Accueil Actualités Matam : « On nous appelle Corona ou cas communautaires » (Enseignants)

Matam : « On nous appelle Corona ou cas communautaires » (Enseignants)

A Doumga Ouro Alpha, un village situé dans le département de Matam, les enseignants disent être victimes d’une « stigmatisation inouïe » depuis leur retour de Dakar en prélude à la reprise avortée des cours, le 2 juin dernier. Ce, à cause des cas positifs de coronavirus notés parmi leurs collègues.
« Dans les rues les gens nous appellent Corona ou cas communautaires parfois d’un air taquin mais offensant. Les collègues se sont terrés chez eux depuis qu’ils sont arrivés.

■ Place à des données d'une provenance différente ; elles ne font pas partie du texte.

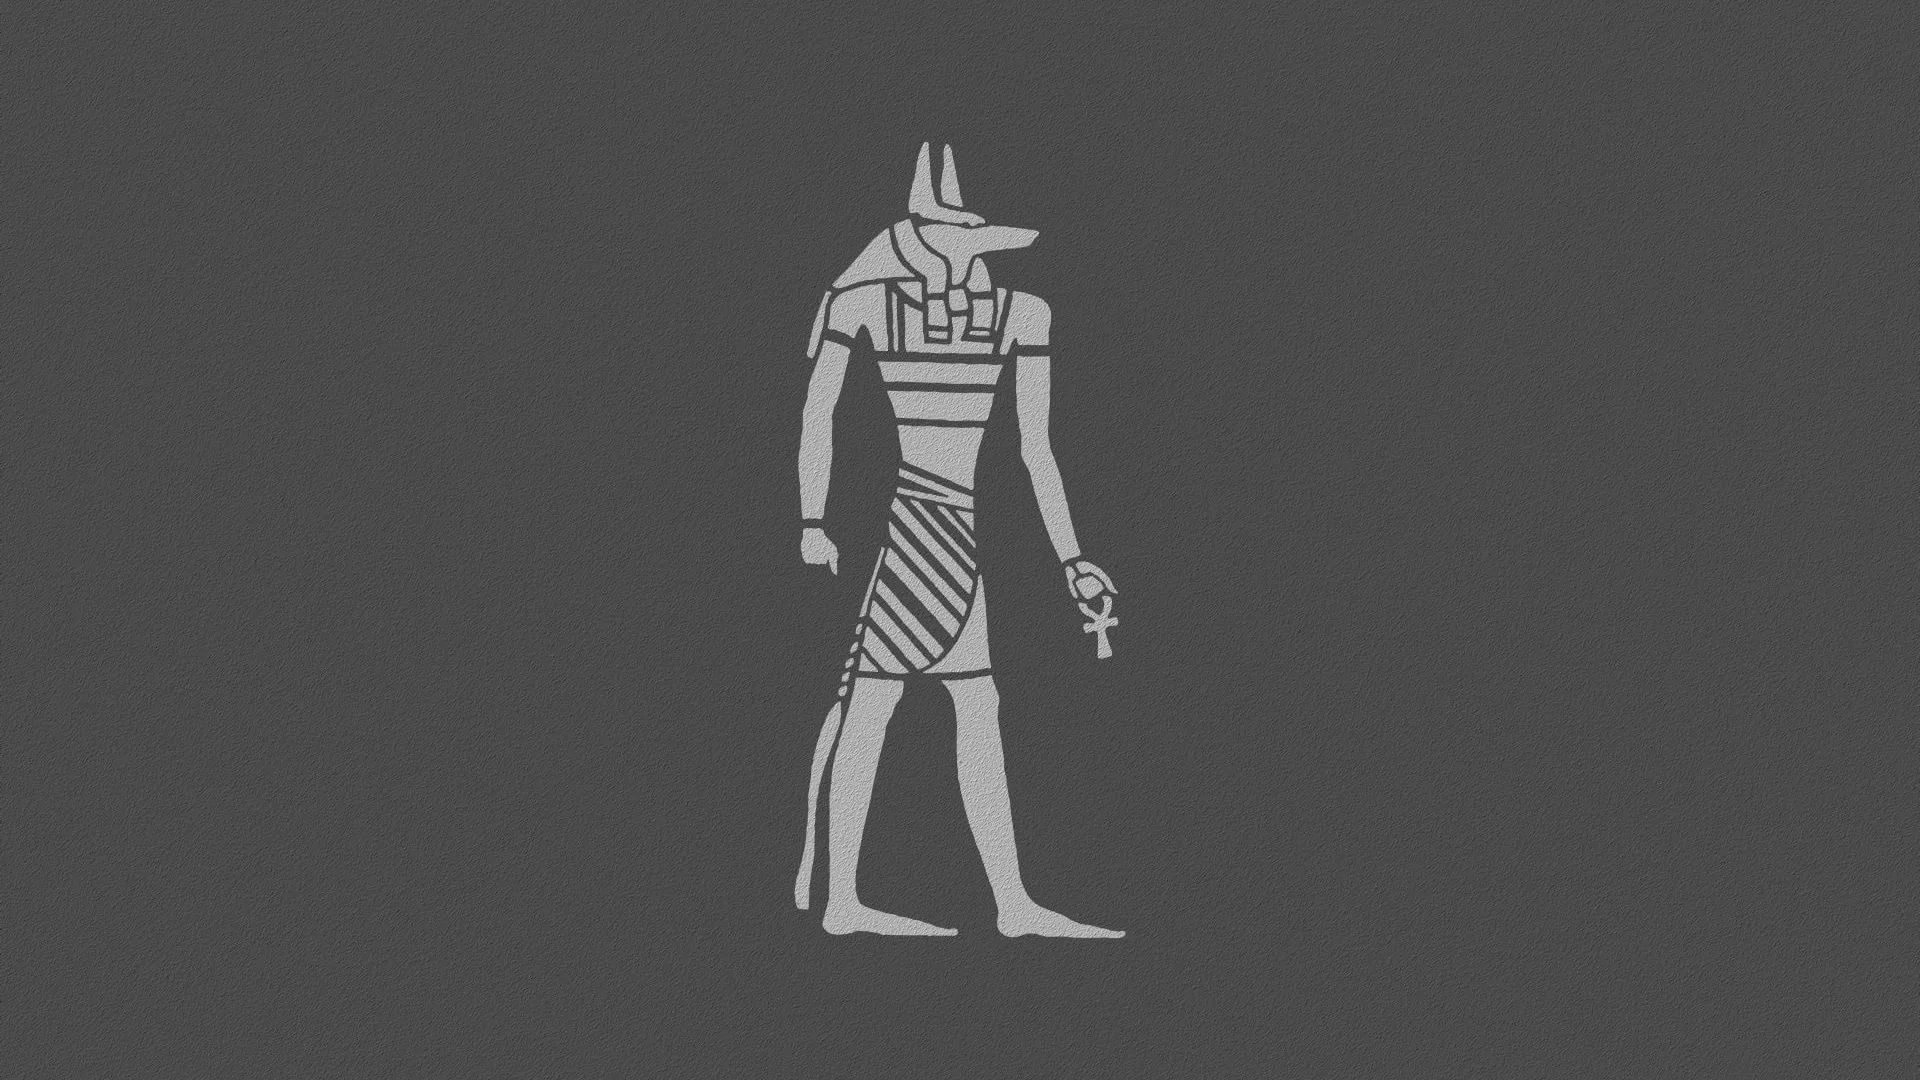 Cool Egyptian wallpaper photo
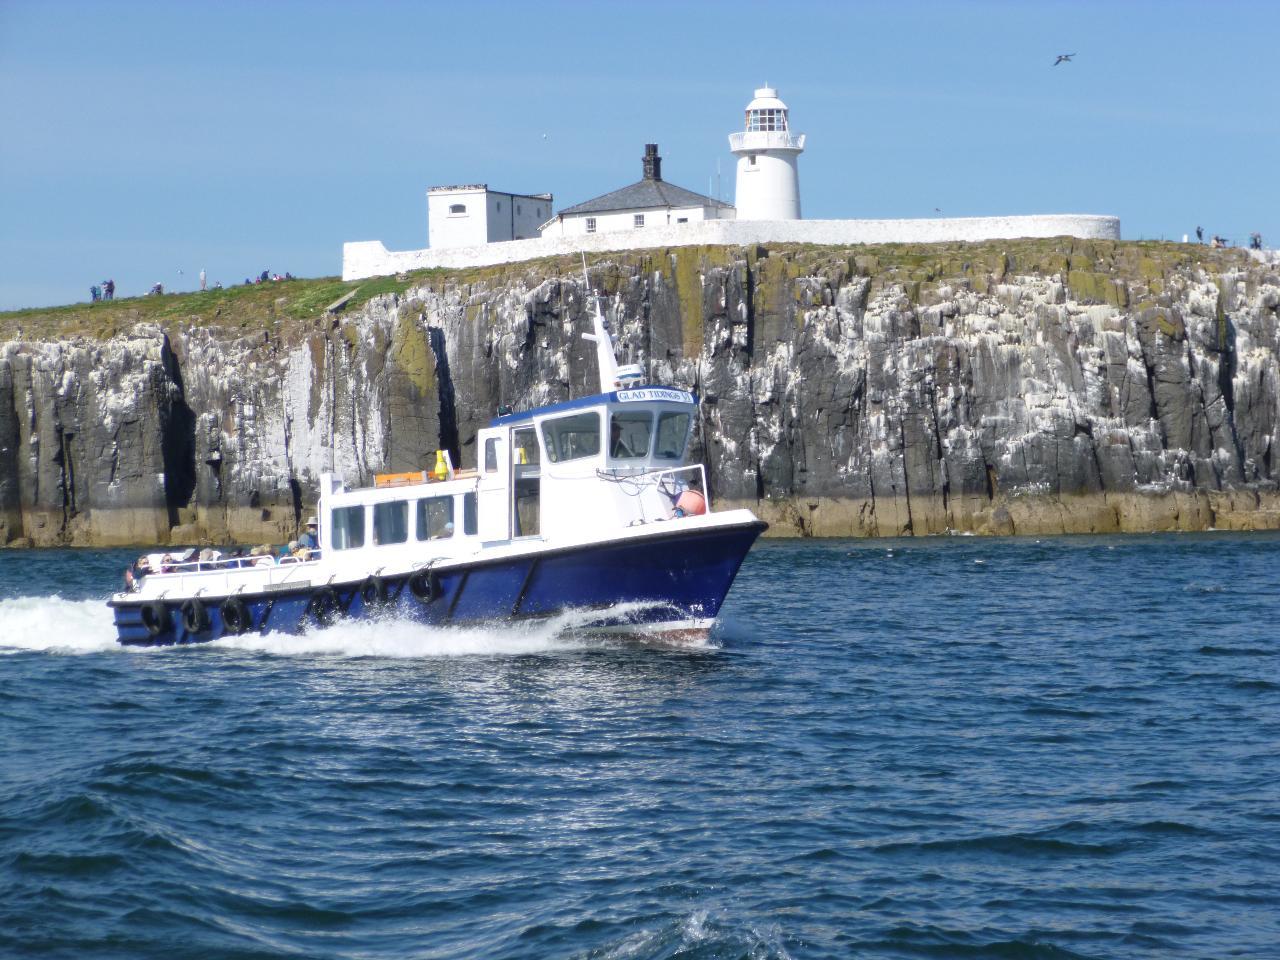 Inner Farne Boat Trip

Même pour avoir une barre de glace, c’est un problème. Des qu’ils sortent, ils sont dévisagés. Nous sommes au devant de l’actualité », a regretté un d’entre eux à travers une déclaration envoyée à ses collègues.
Selon ce professeur d’anglais, il y a 2 jours, les choses ont dégénéré quand le chef de village a convoqué une réunion à l’issue de laquelle il a été décidé de rencontrer les enseignants pour leur dire de se faire tester, ce dimanche 7 juin, et que s’ils refusaient, ils seraient expulsés du village à partir de demain lundi, selon toujours son témoignage.
Il ajoute : « L’Infirmier chef de poste (Icp) a commencé à appeler les collègues pour leur parler de test car, dit-il, il y a eu des cas positifs parmi ceux qui avaient pris les bus Dakar Dem Dikk. Ce même Icp est même allé jusque chez une de nos collègues pour lui dire qu’elle devait se faire tester. Et pour convaincre la collègue, il a impliqué les voisins et la famille hôte. Conséquence, elle est plus stigmatisée et les villageois disent qu’elle est infectée ».
L’enseignant de préciser, par ailleurs, qu’ils ne sont pas contre les tests, mais ils déplorent la manière dont l’Icp, « bousculé par la population ou des autorités, a voulu procéder ».
 « Depuis hier (samedi), on ne parle que des enseignants. Certains sont même rentrés, d’autres le feront incessamment car il est plus prudent d’être avec sa famille que dans un village ou personne ne veut de toi même tes propres élèves », a-t-il fait comprendre. Dénonçant avec fermeté « le silence des autorités académiques et la légèreté de la réaction ou déclarations individuelles des syndicats face à cette stigmatisation ».